Action item:
Reproduce each line of the material exactly, minus any picture.

*** Data excerpt Section Begins ***

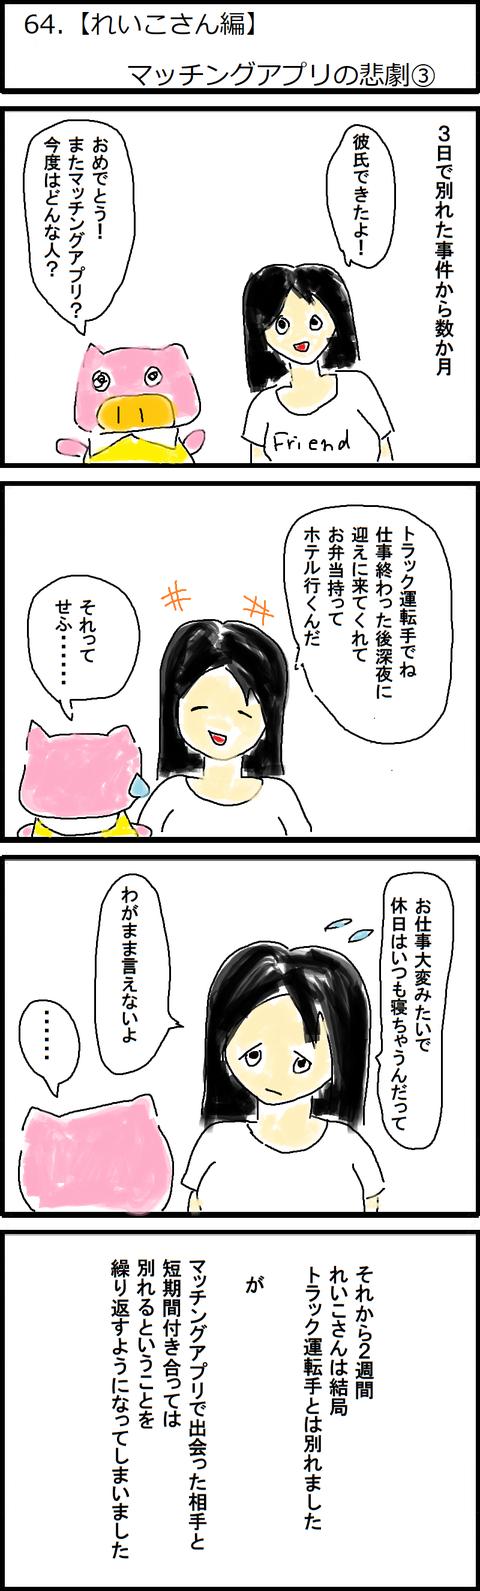 64.【れいこさん編】マッチングアプリの悲劇③
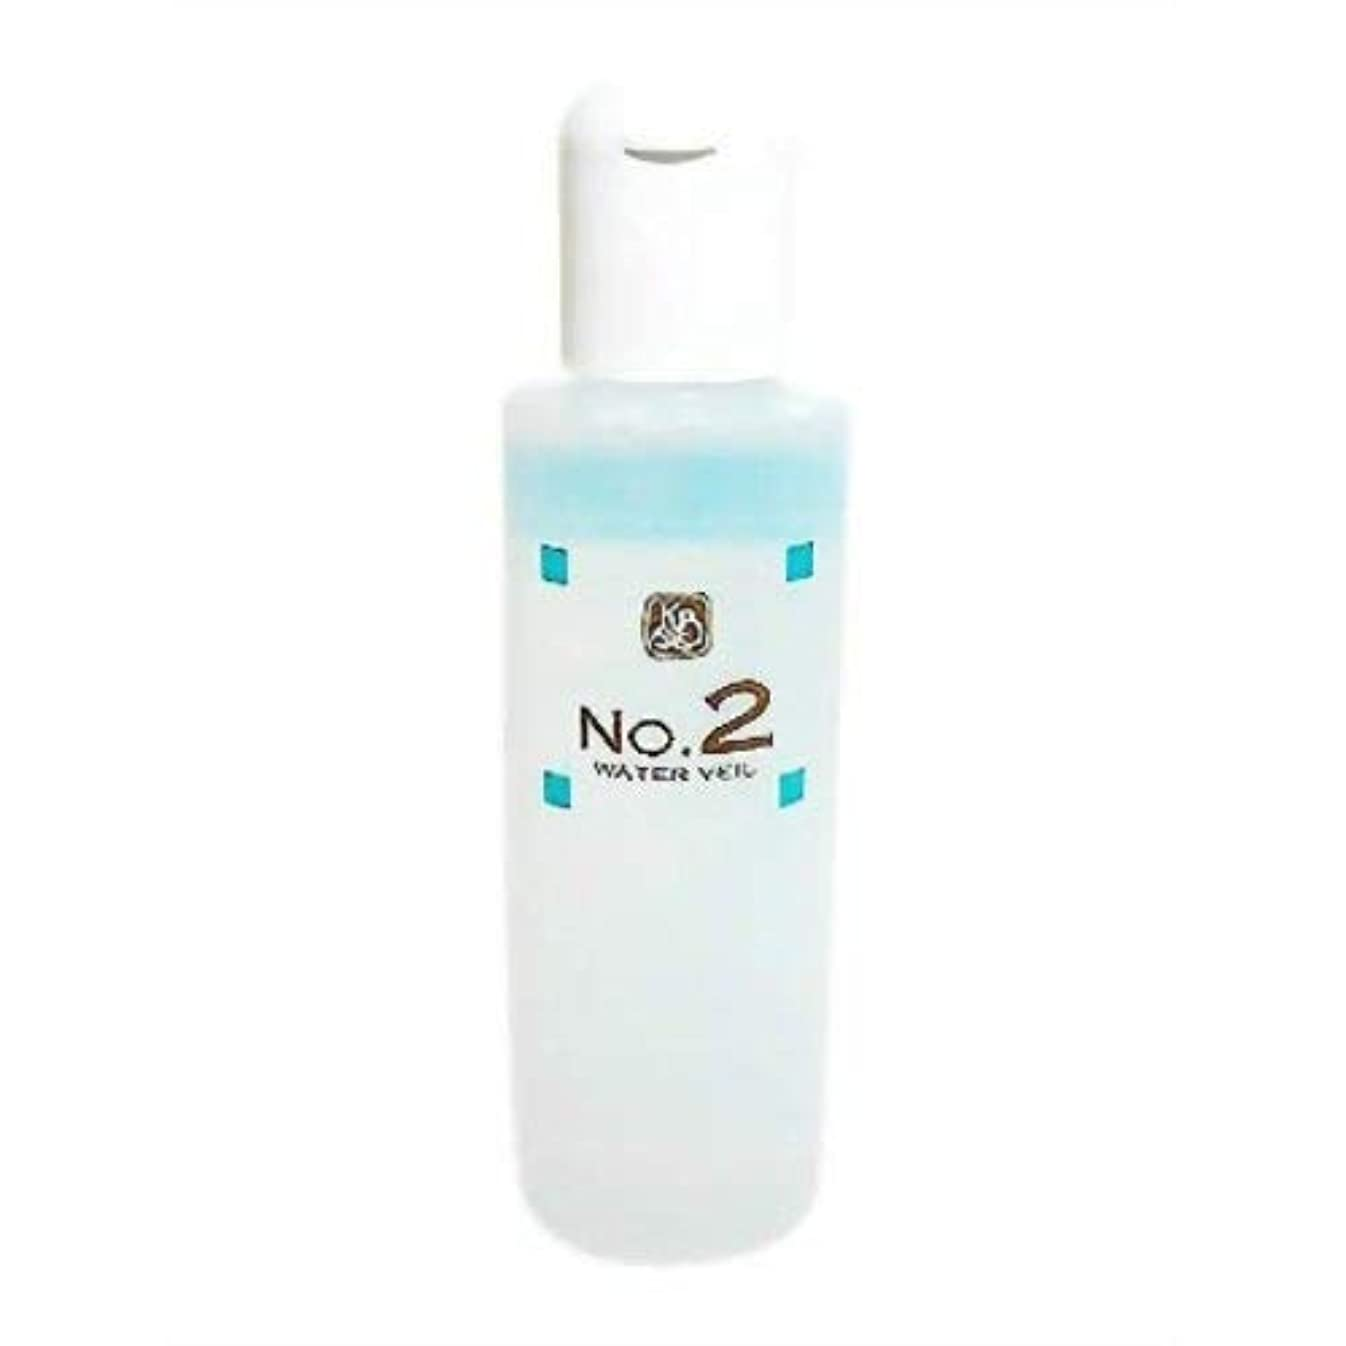 ペストフロントミス顔を洗う水 ウォーターベールNO2 150ml
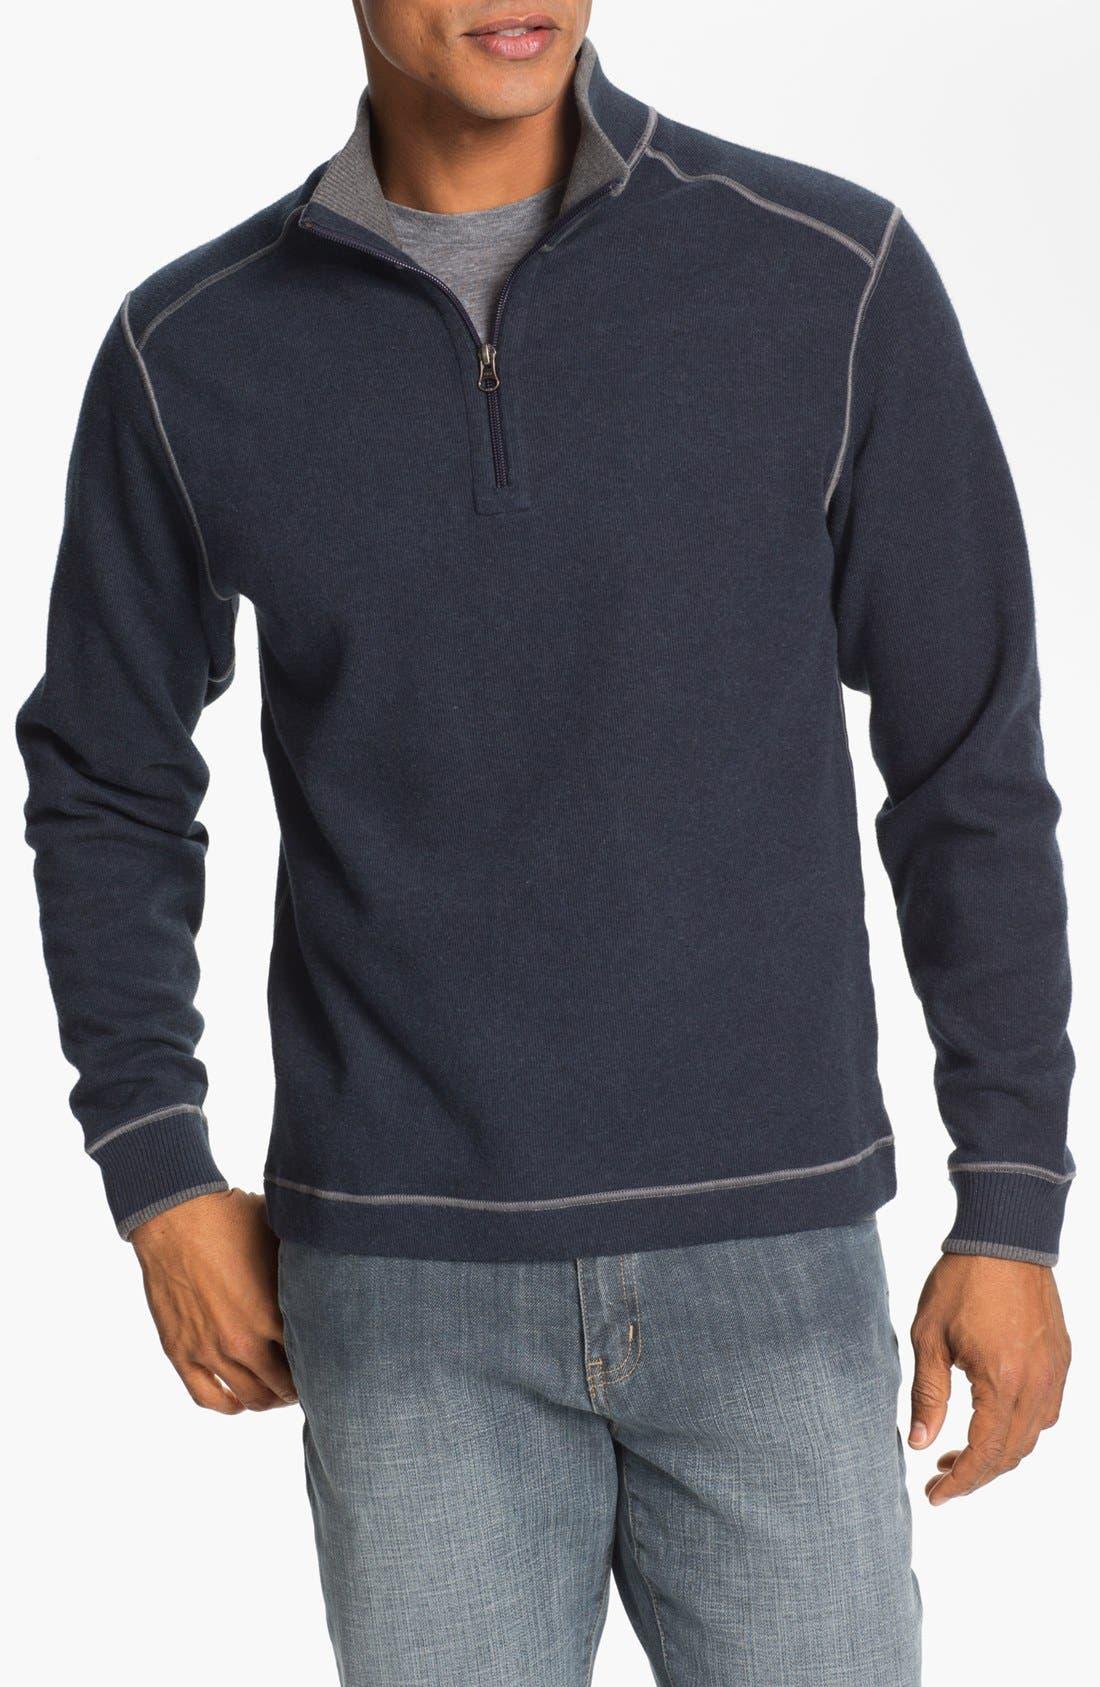 Main Image - Cutter & Buck 'Overtime' Regular Fit Half Zip Sweater (Big & Tall)

*** Data excerpt Section Ends ***

Expected answer:
 64.【れいこさん編】マッチングアプリの悲劇③
 ペストフロントミス顔を洗う水 ウォーターベールNO2 150ml
 Main Image - Cutter & Buck 'Overtime' Regular Fit Half Zip Sweater (Big & Tall)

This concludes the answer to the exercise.